**WORK INSTRUCTIONS**
Your answer is the lines below, exactly, from the one that contains "Cheekspot Scorpionfish" through the one that contains "Leere Pantoffel Schuh-Design", both included.

**DATA EXTRACT**
◇ ◇ ◇ ◇ ◇ ◇ ◇

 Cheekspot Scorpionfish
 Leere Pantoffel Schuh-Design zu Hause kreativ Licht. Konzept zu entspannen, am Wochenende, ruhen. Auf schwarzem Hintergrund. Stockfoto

◇ ◇ ◇ ◇ ◇ ◇ ◇

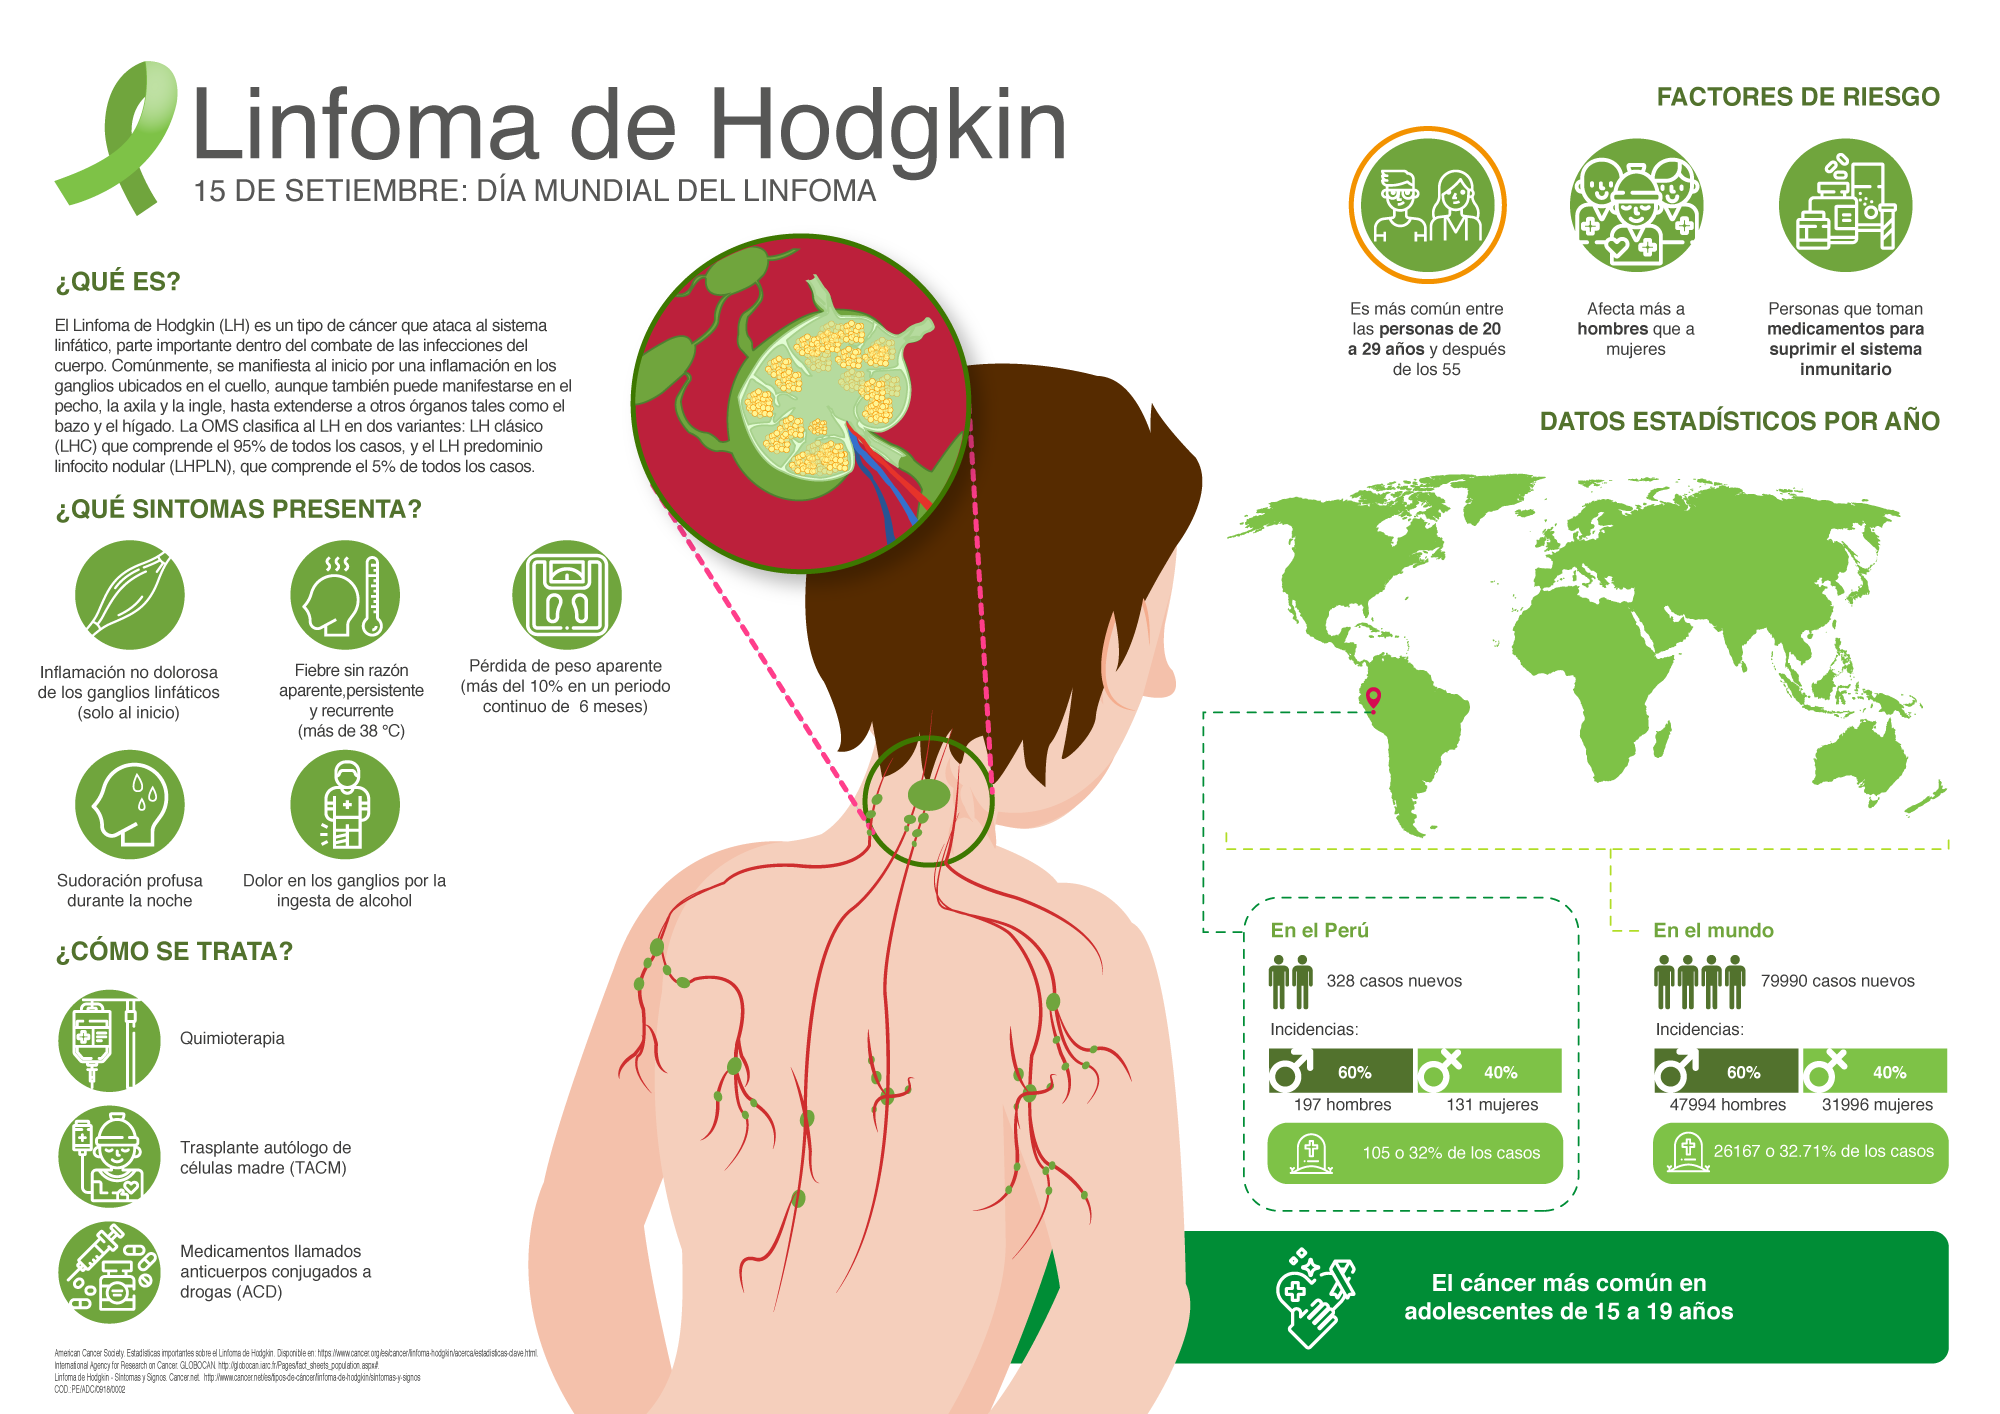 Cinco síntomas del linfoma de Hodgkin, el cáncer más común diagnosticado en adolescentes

◇ ◇ ◇ ◇ ◇ ◇ ◇

**REPLY**
 Cheekspot Scorpionfish
 Leere Pantoffel Schuh-Design zu Hause kreativ Licht. Konzept zu entspannen, am Wochenende, ruhen. Auf schwarzem Hintergrund. Stockfoto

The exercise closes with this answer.